Ксана (рада, что разговор перешел на другой предмет). Однако войну начали вы.

Фон Рехов. Нет, не мы! Но допустим, что мы. Разве они никогда не начинали войн? Разве они не ставили памятников тем, кто начинал войны?

Ксана. У нас говорят, что немцы три раза за столетие вторгались во Францию.

Фон Рехов (злобно смеется). В первые два раза это было при известных пацифистах: при Наполеоне Первом и при Наполеоне Третьем. Все это мы им припомним! Мне и несчастье с вами легче перенести оттого, что теперь у меня есть цель жизни. (Сдерживается и продолжает, улыбаясь.) Я в каком-то идиотском романе из жизни американских трапперов помню такую фразу: «Дон Рамиро, женщины плачут— мужчины мстят», — сказал Красный Кедр»... И, откровенно скажу вам, по сравнению с большой жизненной задачей мне показалась мелкой и незначительной вся эта наша трагикомедия, разыгравшаяся в глуши, на этой пограничной станции. В жизни человека бывает минута — думаю, только одна минута в жизни, — когда все ему становится ясным, все заливается ярким, точным, зловещим светом — вся правда в жизни, или, вернее, вся ее неправда. Поэты говорят, что в минуты прозрения человек познает Бога... Бывает и так, что он познает черта! И только те минуты прозрения ценны, когда человек познает черта. (Успокаивается. С принужденной улыбкой.) Скажу, как мой предок Экклесиаст: «И возненавидел я жизнь, и противны стали мне дела, которые творятся под солнцем». Только вывод отсюда я сделаю другой. Нет, не тот вывод, что «пей в веселии сердца вино свое». Другой, другой.

Ксана. Какой?

Фон Рехов. Может, когда-нибудь услышите,

Ксана (улыбаясь). Так вы теперь Красный Кедр?
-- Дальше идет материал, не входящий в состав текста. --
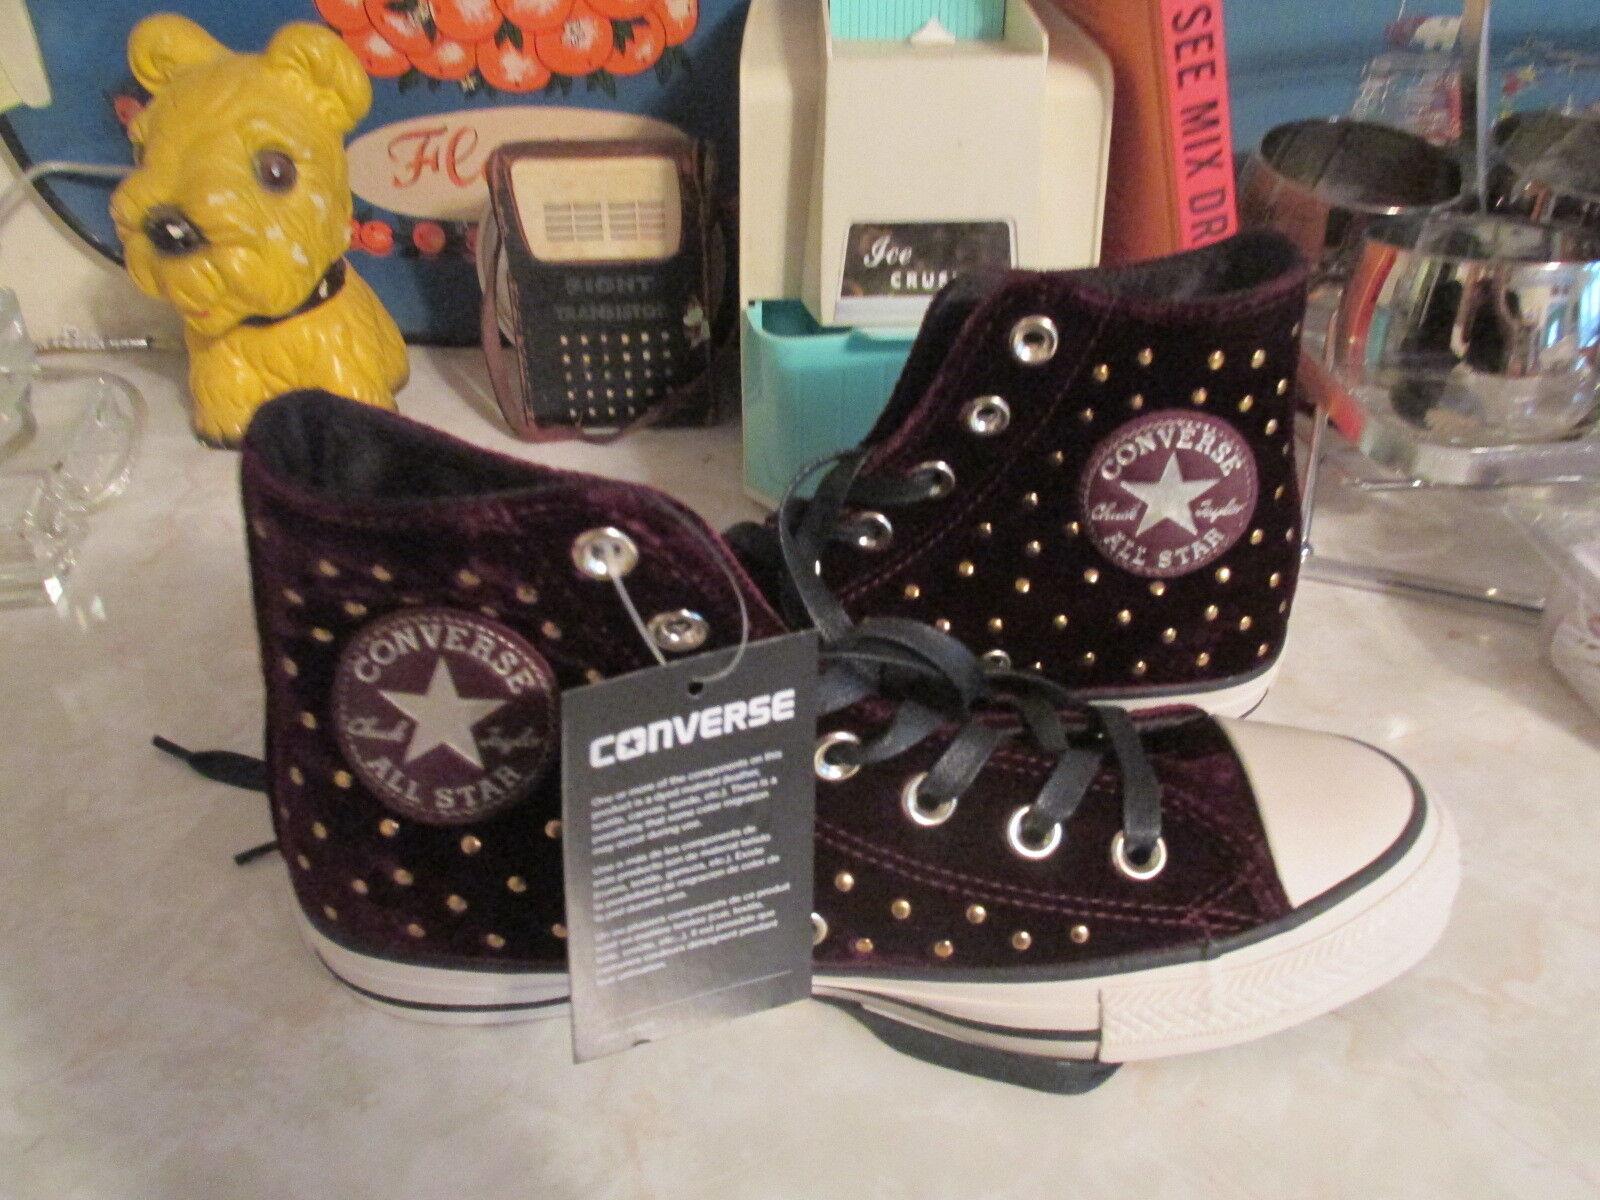 Converse All Star Sangria Velvet Studs High Top Sneakers Size 6 M Women's NWOB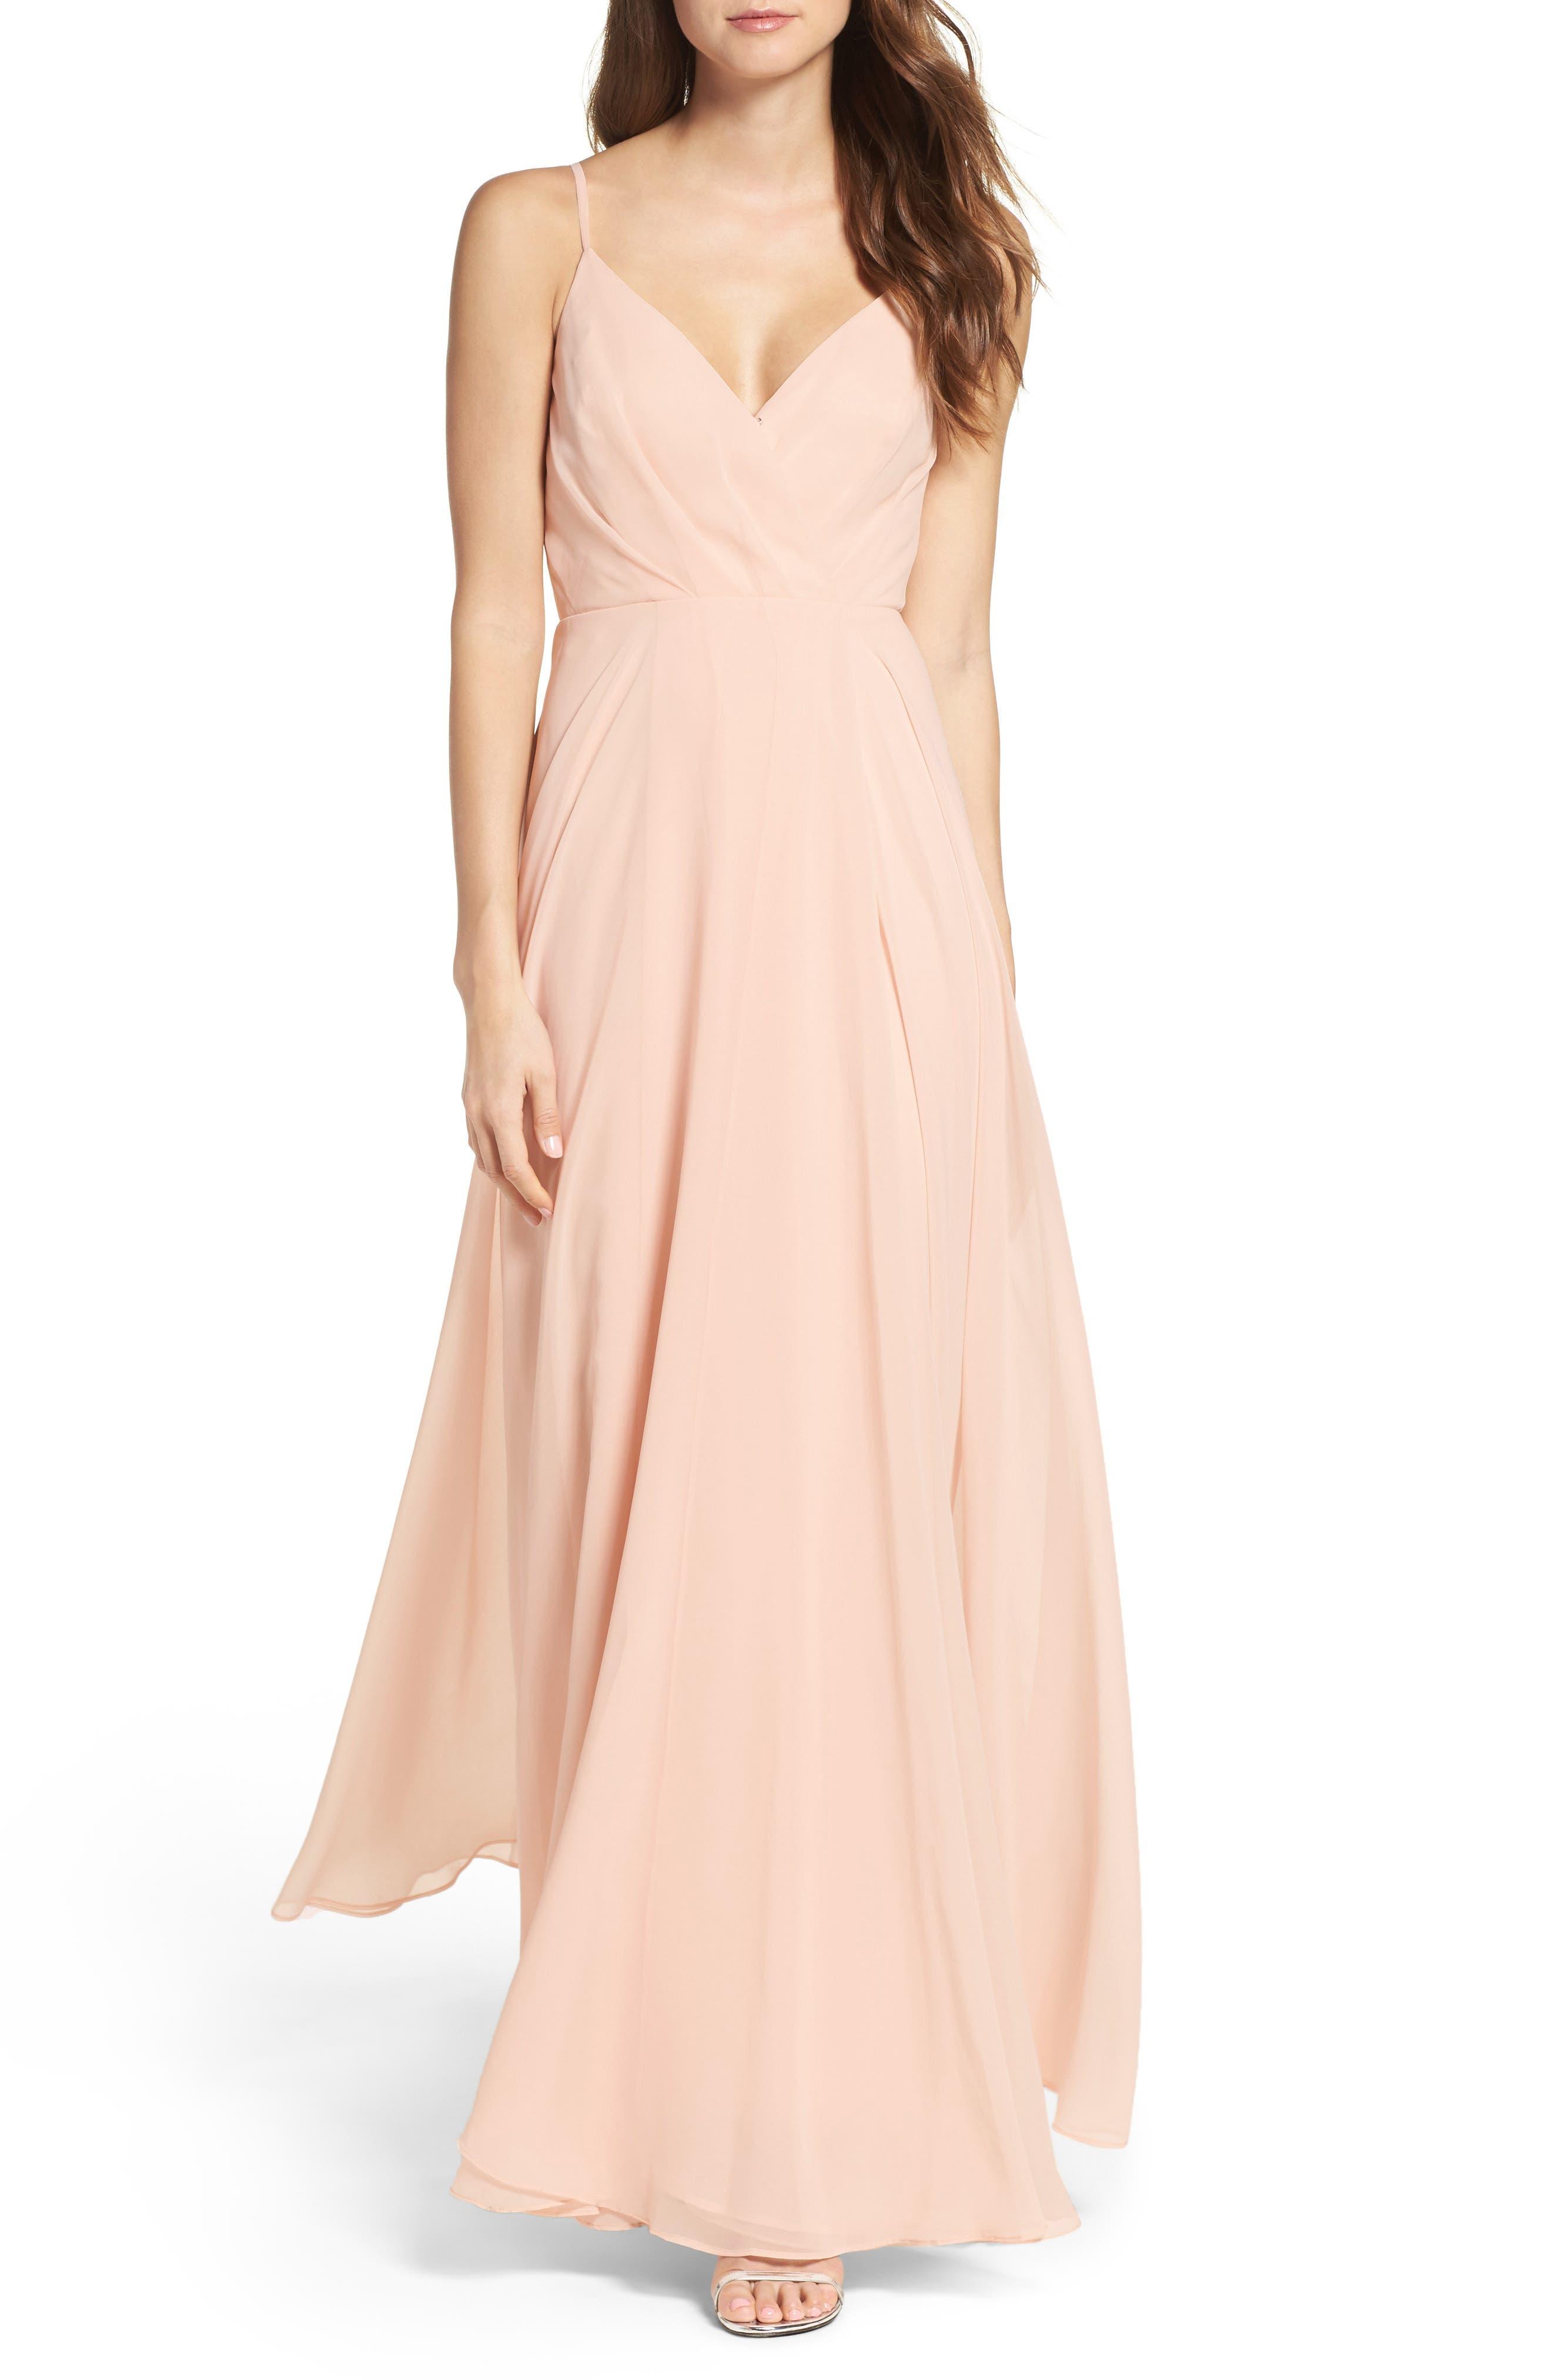 Pink Women Dresses – Fashion dresses

Фон Рехов. Я Красный Кедр.

Ксана. Хотела бы пожелать вам успеха, но в этом никак не могу. Ну, до свидания, капитан.

Фон Рехов. Постойте. Видите, я на вас не сержусь. Что ж делать? У вас есть ведь такая поговорка: «насильно мил не будешь». Ксана, что, если через полгода вам придется сказать это ему — Ивану Александровичу.

Ксана. Он меня предупредил... И даже не через полгода, а через три недели.

Фон Рехов (с новой вспышкой злобы). Как это мило! Какая очаровательная шутка и какое безукоризненное джентльменство: соблазнить девушку заведомо с тем, чтобы бросить ее через три недели! И так как, видите ,ли, он мило и шутливо вас об этом предупредил, то ничего плохого тут нет, правда? Вот ведь вы улыбаетесь.

Ксана. Он женат.

Фон Рехов. И вы на это идете?

Ксана. Иду. Значит, это мой рок. Верно, и обо мне какой-нибудь Зигмунд сказал что-либо такое. Вы видите, что я не такая трезвая, не такая рассудительная, не такая «интересантка», как вы думаете.

Фон Рехов. У вас это совмещается. Совмещается так странно, что это просто неправдоподобно. Что же вы будете делать, когда он вас бросит?

Ксана. Не знаю, не думаю об этом... Вернее, стараюсь не думать.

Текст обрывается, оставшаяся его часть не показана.